Instruction-level Parallelism Compiler Perspectives on Code Movement dependencies are a property of code, whether or not it is a HW hazard depends on.
© Krste Asanovic, 2014CS252, Spring 2014, Lecture 5 CS252 Graduate Computer Architecture Spring 2014 Lecture 5: Out-of-Order Processing Krste Asanovic.
Computer Architecture: A Constructive Approach Six Stage Pipeline/Bypassing Joel Emer Computer Science & Artificial Intelligence Lab. Massachusetts Institute.
A scheme to overcome data hazards
CSE 490/590, Spring 2011 CSE 490/590 Computer Architecture VLIW Steve Ko Computer Sciences and Engineering University at Buffalo.
CSE 490/590, Spring 2011 CSE 490/590 Computer Architecture Cache III Steve Ko Computer Sciences and Engineering University at Buffalo.
2/28/2013 CS152, Spring 2013 CS 152 Computer Architecture and Engineering Lecture 11 - Out-of-Order Issue, Register Renaming, & Branch Prediction Krste.
Dynamic ILP: Scoreboard Professor Alvin R. Lebeck Computer Science 220 / ECE 252 Fall 2008.
CSE 490/590, Spring 2011 CSE 490/590 Computer Architecture Snoopy Caches I Steve Ko Computer Sciences and Engineering University at Buffalo.
ECE 552 / CPS 550 Advanced Computer Architecture I Lecture 8 Instruction-Level Parallelism – Part 1 Benjamin Lee Electrical and Computer Engineering Duke.
Dyn. Sched. CSE 471 Autumn 0219 Tomasulo’s algorithm “Weaknesses” in scoreboard: –Centralized control –No forwarding (more RAW than needed) Tomasulo’s.
COMP25212 Advanced Pipelining Out of Order Processors.
CMSC 611: Advanced Computer Architecture Scoreboard Some material adapted from Mohamed Younis, UMBC CMSC 611 Spr 2003 course slides Some material adapted.
February 28, 2011CS152, Spring 2011 CS 152 Computer Architecture and Engineering Lecture 10 - Complex Pipelines, Out-of-Order Issue, Register Renaming.
Microprocessor Microarchitecture Dependency and OOO Execution Lynn Choi Dept. Of Computer and Electronics Engineering.
Instruction-Level Parallelism (ILP)
CSE 490/590, Spring 2011 CSE 490/590 Computer Architecture ILP II Steve Ko Computer Sciences and Engineering University at Buffalo.
February 28, 2012CS152, Spring 2012 CS 152 Computer Architecture and Engineering Lecture 11 - Out-of-Order Issue, Register Renaming, & Branch Prediction.
1 IF IDEX MEM L.D F4,0(R2) MUL.D F0, F4, F6 ADD.D F2, F0, F8 L.D F2, 0(R2) WB IF IDM1 MEM WBM2M3M4M5M6M7 stall.
CS 152 Computer Architecture and Engineering Lecture 13 - Out-of-Order Issue, Register Renaming, & Branch Prediction Krste Asanovic Electrical Engineering.
CSE 490/590, Spring 2011 CSE 490/590 Computer Architecture Snoopy Caches II Steve Ko Computer Sciences and Engineering University at Buffalo.
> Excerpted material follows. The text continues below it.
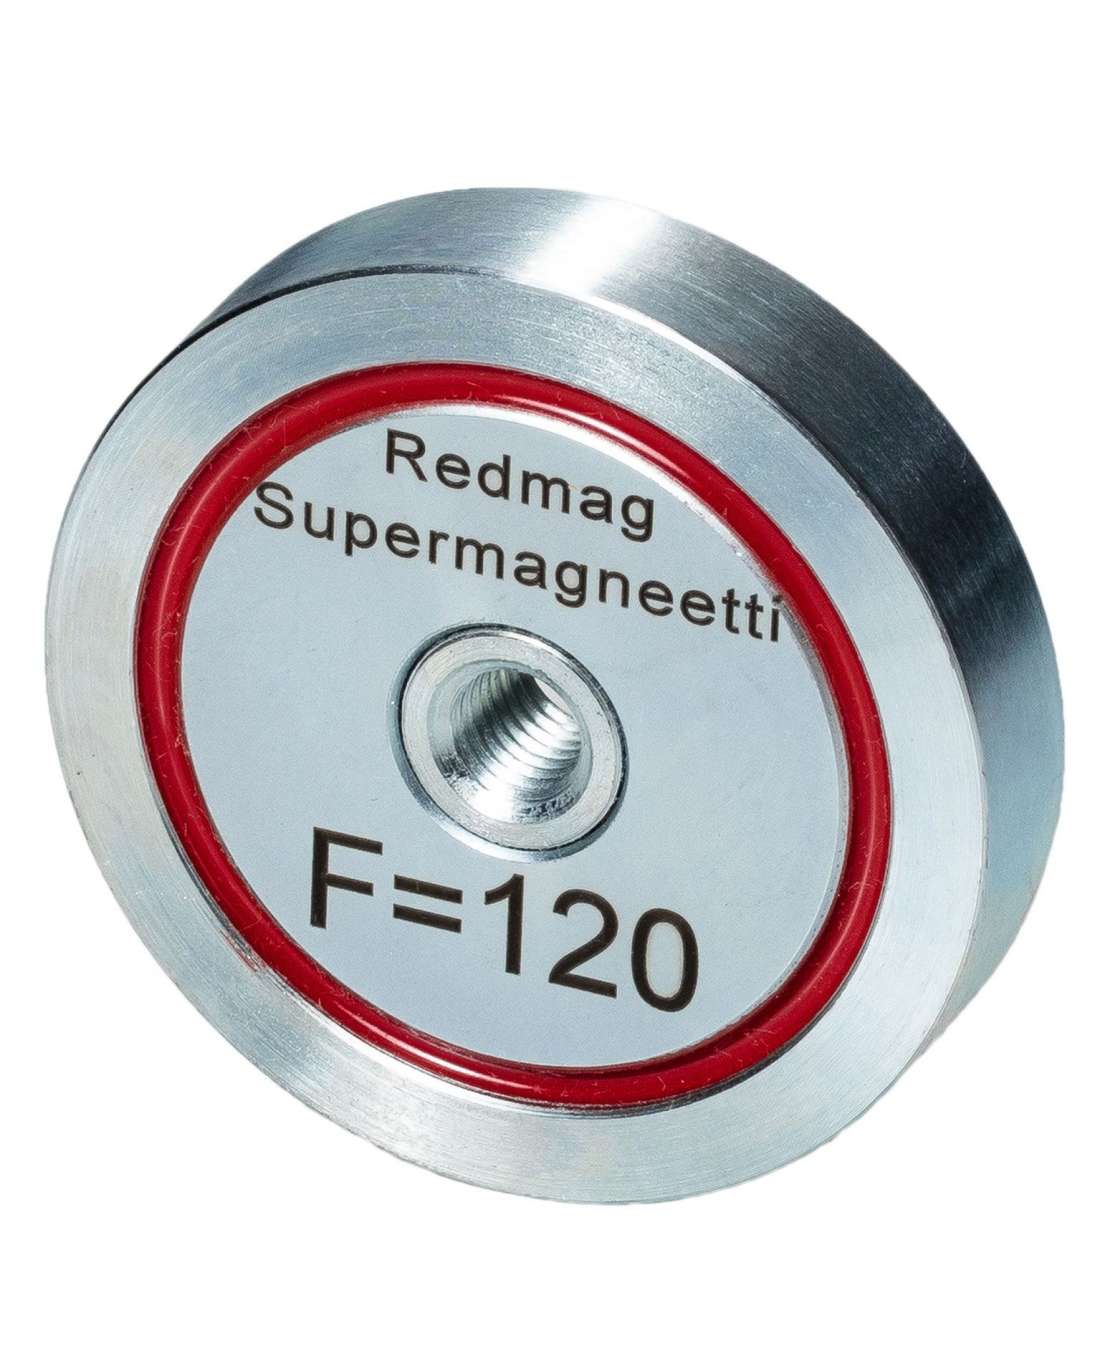 Redmag Supermagneetti F120 (120 kg, 67mm)

CSE 490/590, Spring 2011 CSE 490/590 Computer Architecture ILP III Steve Ko Computer Sciences and Engineering University at Buffalo.
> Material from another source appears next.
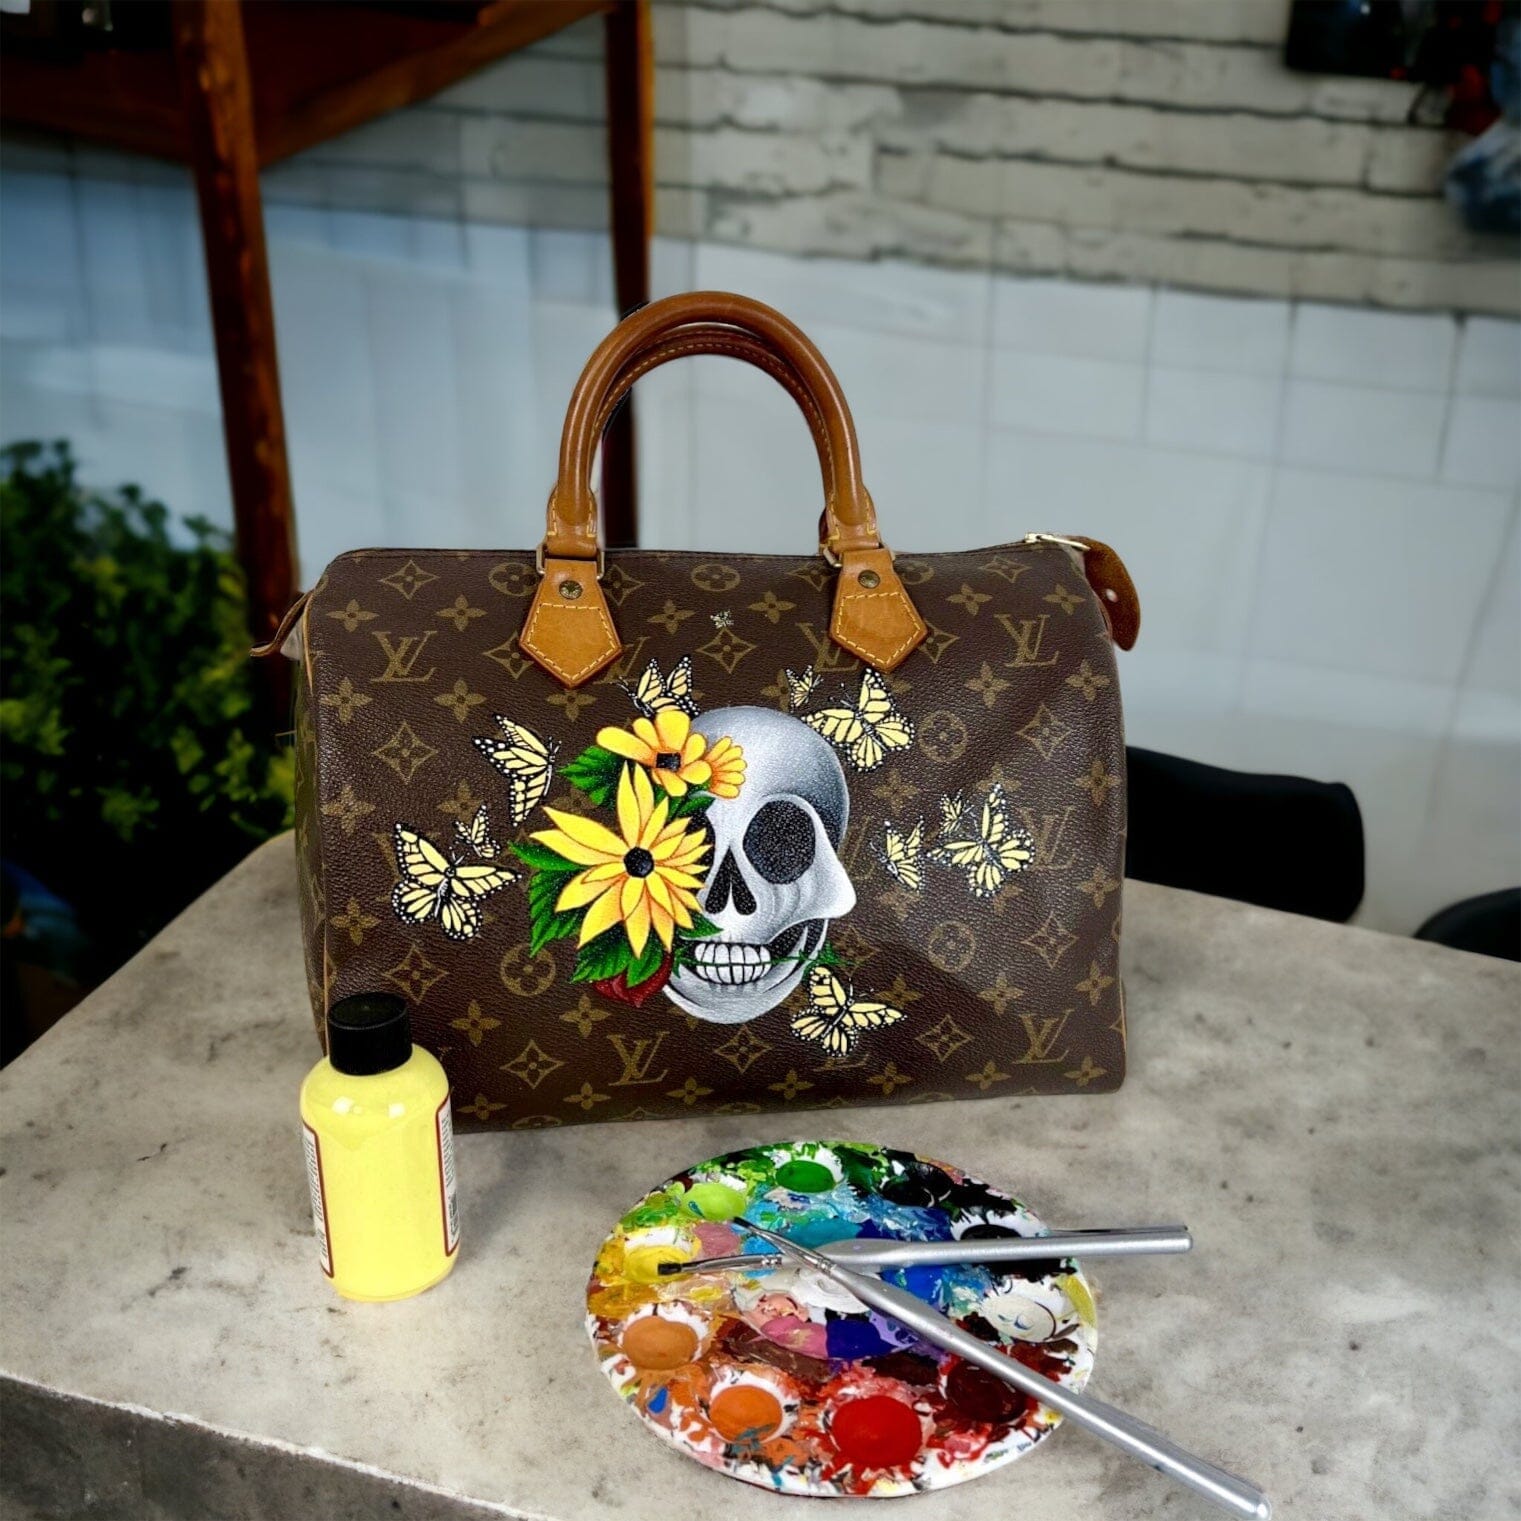 painted louis vuitton handbags

CSE 490/590, Spring 2011 CSE 490/590 Computer Architecture Directory-Based Caches II Steve Ko Computer Sciences and Engineering University at Buffalo.
CSE 490/590, Spring 2011 CSE 490/590 Computer Architecture Complex Pipelining I Steve Ko Computer Sciences and Engineering University at Buffalo.
CSE 490/590, Spring 2011 CSE 490/590 Computer Architecture Cache II Steve Ko Computer Sciences and Engineering University at Buffalo.
CSE 490/590, Spring 2011 CSE 490/590 Computer Architecture Pipelining III Steve Ko Computer Sciences and Engineering University at Buffalo.
CSE 490/590, Spring 2011 CSE 490/590 Computer Architecture Virtual Memory I Steve Ko Computer Sciences and Engineering University at Buffalo.
CSE 490/590, Spring 2011 CSE 490/590 Computer Architecture Cache IV Steve Ko Computer Sciences and Engineering University at Buffalo.
CSE 490/590, Spring 2011 CSE 490/590 Computer Architecture ILP I Steve Ko Computer Sciences and Engineering University at Buffalo.
March 2, 2010CS152, Spring 2010 CS 152 Computer Architecture and Engineering Lecture 12 - Complex Pipelines Krste Asanovic Electrical Engineering and Computer.
CS 152 Computer Architecture and Engineering Lecture 15 - Advanced Superscalars Krste Asanovic Electrical Engineering and Computer Sciences University.
March 4, 2010CS152, Spring 2010 CS 152 Computer Architecture and Engineering Lecture 13 - Out-of-Order Issue, Register Renaming, & Branch Prediction Krste.
CS 152 Computer Architecture and Engineering Lecture 12 - Complex Pipelines Krste Asanovic Electrical Engineering and Computer Sciences University of California.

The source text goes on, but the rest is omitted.